Sister tact: advice from a nun on how to keep peace in meetings

Sister tact: advice from a nun on how to keep peace in meetings 2016-09-30T15:58:31-04:00

Here’s something you don’t see every day: a piece on corporate behavior and politics … by a religious sister.

Details: 

Thirty years ago, I became a Catholic sister as one way to live out my desire to make the world a peaceful place. Almost immediately, I ran into heartbreak. At age 30, I thought I had at last found “my tribe”—people with whom I could work to establish justice and nonviolence, writ large. That was until I started attending meetings.

In meeting after meeting, I would watch, awe-struck, as some sisters’ attitudes, language, and behaviors were some of the most hurtful, disruptive, and destructive I had experienced to date. I witnessed people being rude, dismissive, cutting people off, using sarcasm as a weapon, or exploding in anger. The same was true for meetings of other nonprofit groups I thought I wanted to join as a volunteer.

What, I thought, had gone wrong? How could good people with a passion for making the world more peaceful have so much trouble creating it themselves? Today, whenever I share my story with the nonprofit professionals I teach and train, they offer a knowing smile as if to say, “Been there, done that.”

Ironically, other sisters taught me to see the behaviors I witnessed as inappropriate. In the 1970s, those sisters, with a good deal of foresight, had voted to design and fund a more holistic program for new members during our first year. One of the first sisters I ever met encouraged me to participate by saying, “Pat, even if you don’t stay, come and do that year. It will be the best thing you ever did for yourself.” She was right.

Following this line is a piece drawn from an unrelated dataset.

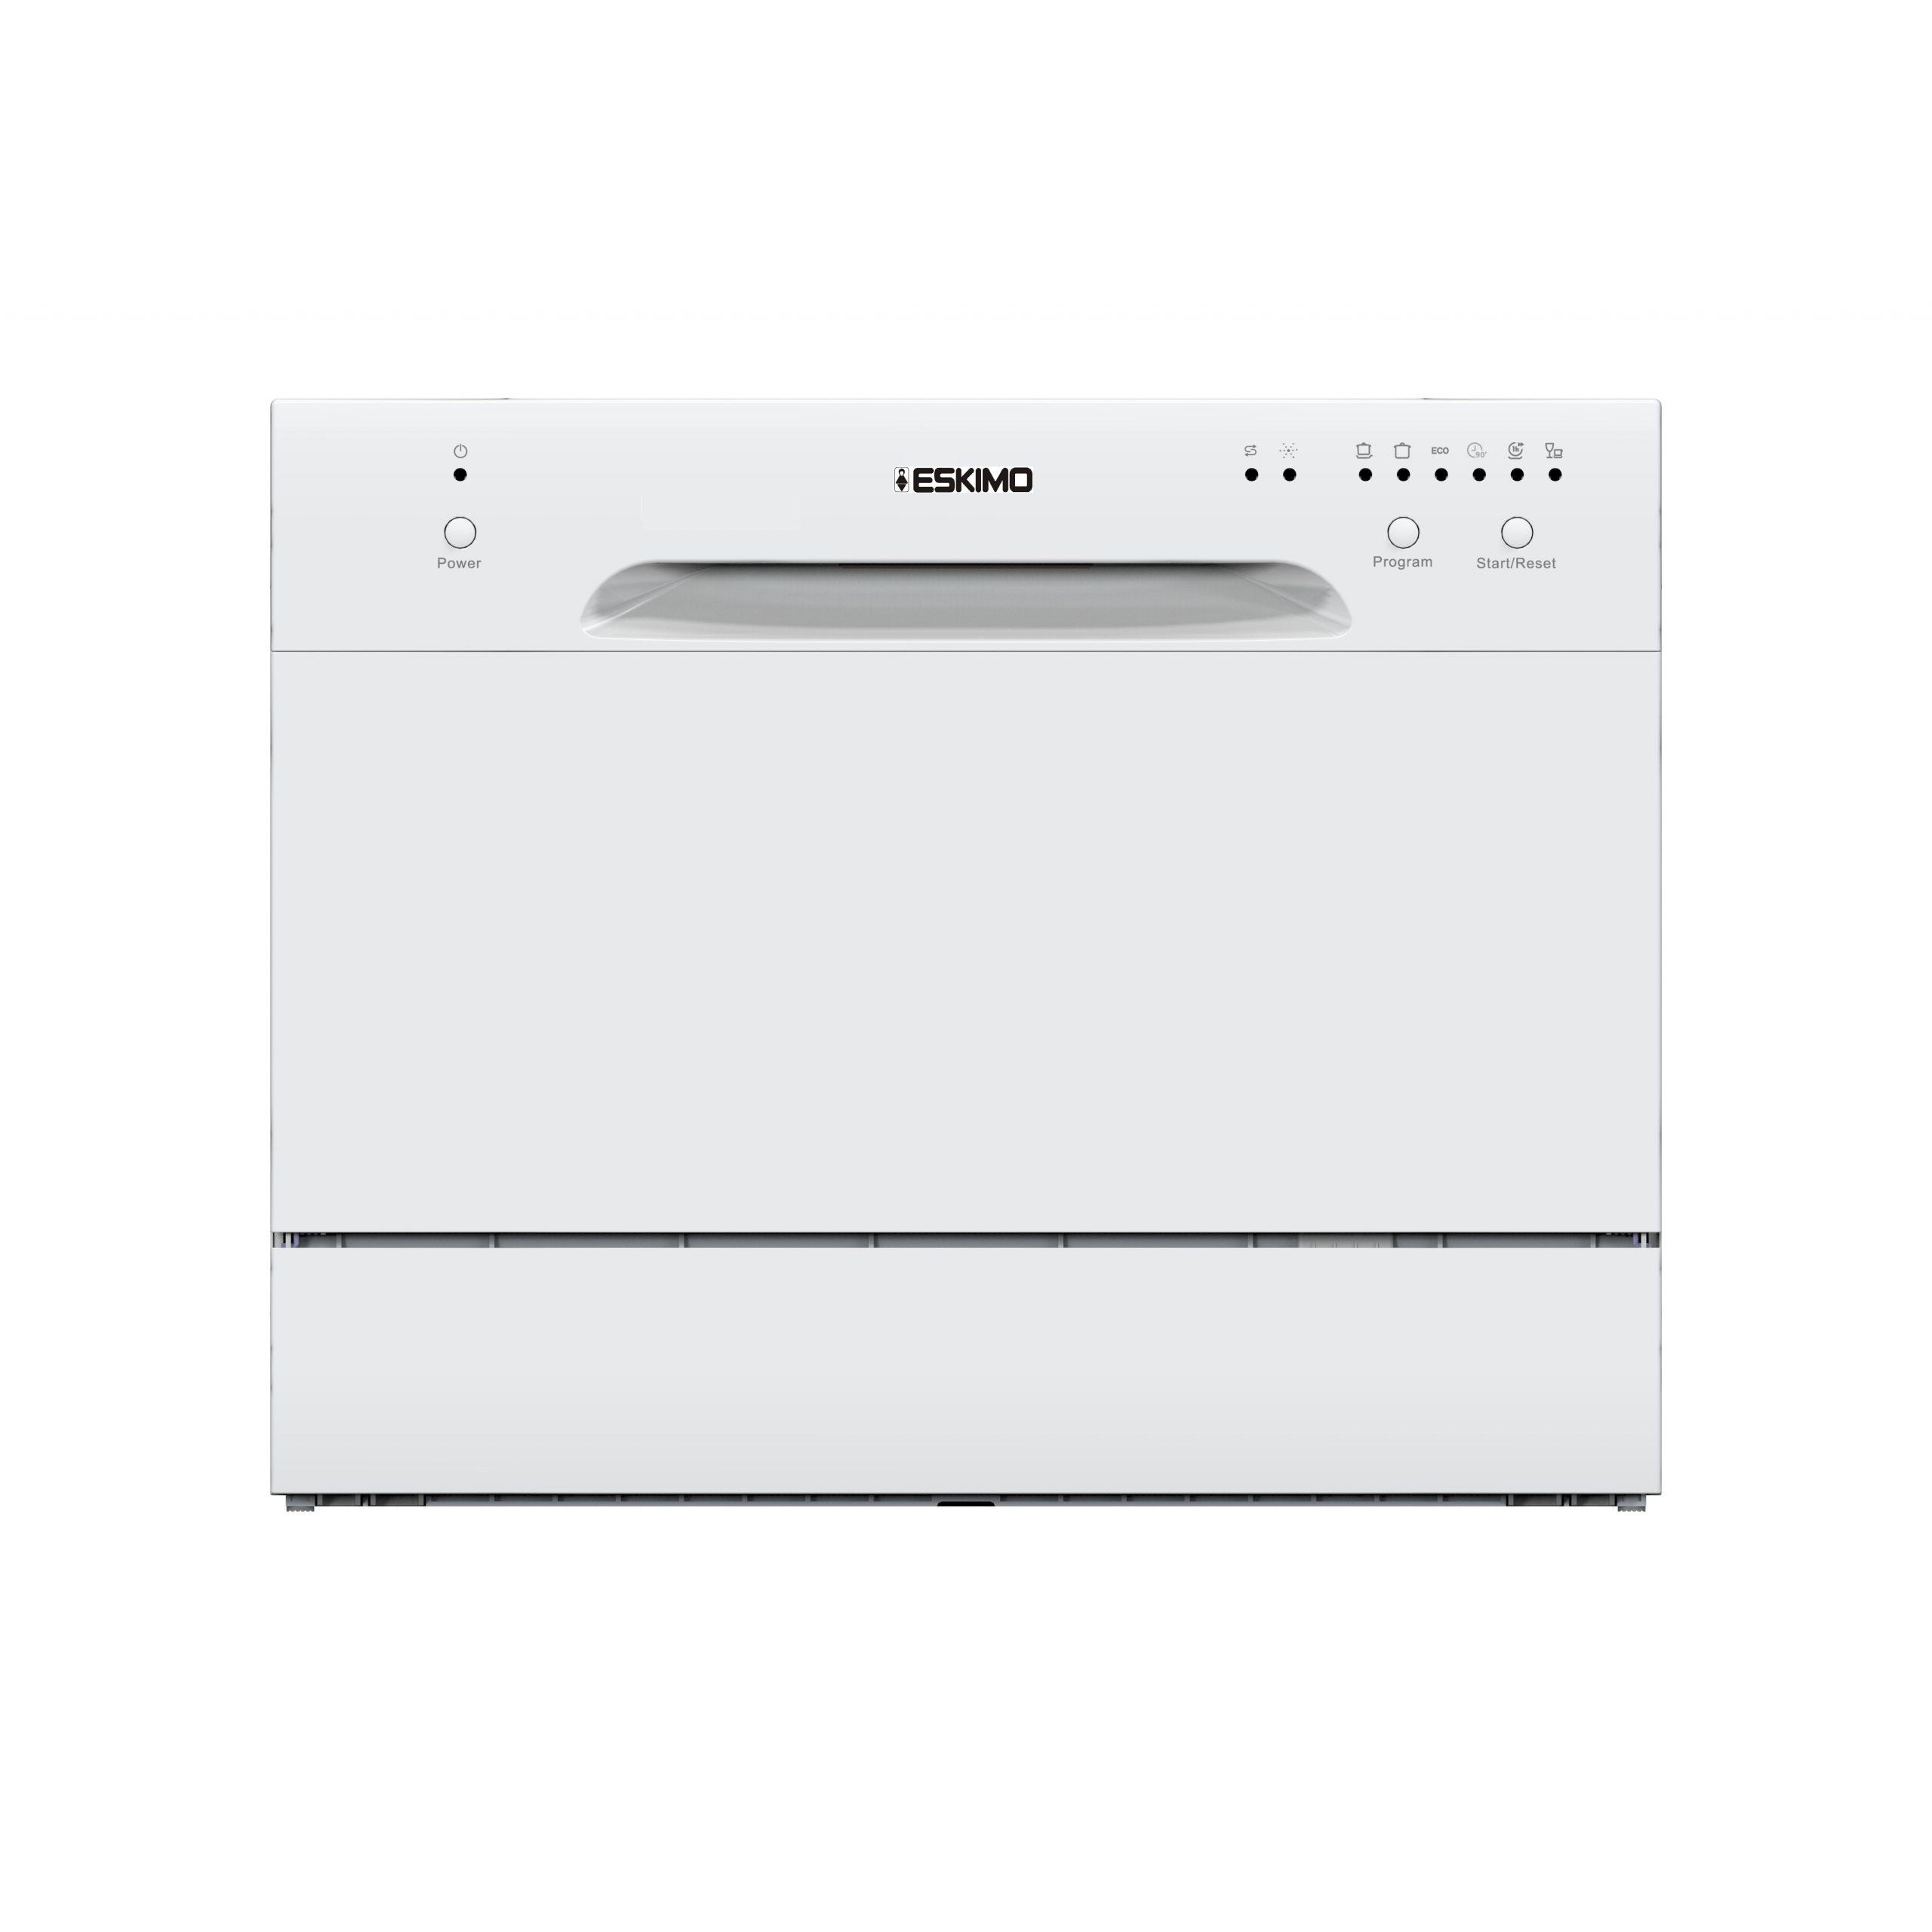 Eskimo Πλυντήριο Πιάτων ES 605 DW

Yes, we learned about styles of prayer, Christian scripture, and the history of our founders, but we also attended workshops and courses on interpersonal communication skills, anger management, and group dynamics. In other words, the sisters committed substantial financial resources to help their newer members learn how to live in harmony with one another. They invested in me to help create a future consistent with their core values of freedom, education, charity, and justice. And it worked.

I came out of that yearlong experience knowing the value of the gift I had been given. I continue to see its value in the openness, sincerity, and depth of dialogue that happens at meetings with my contemporaries. I feel its value in the confidence and skill I have to lead meetings in which staff feel comfortable speaking freely and respectfully about our feelings, needs, values, and ideas while working through our differences. I also came out of that year with a firm conviction that everyone deserves that gift. I came away wondering why we, as a society, don’t invest more in the personal growth and interpersonal skills of our children and adults.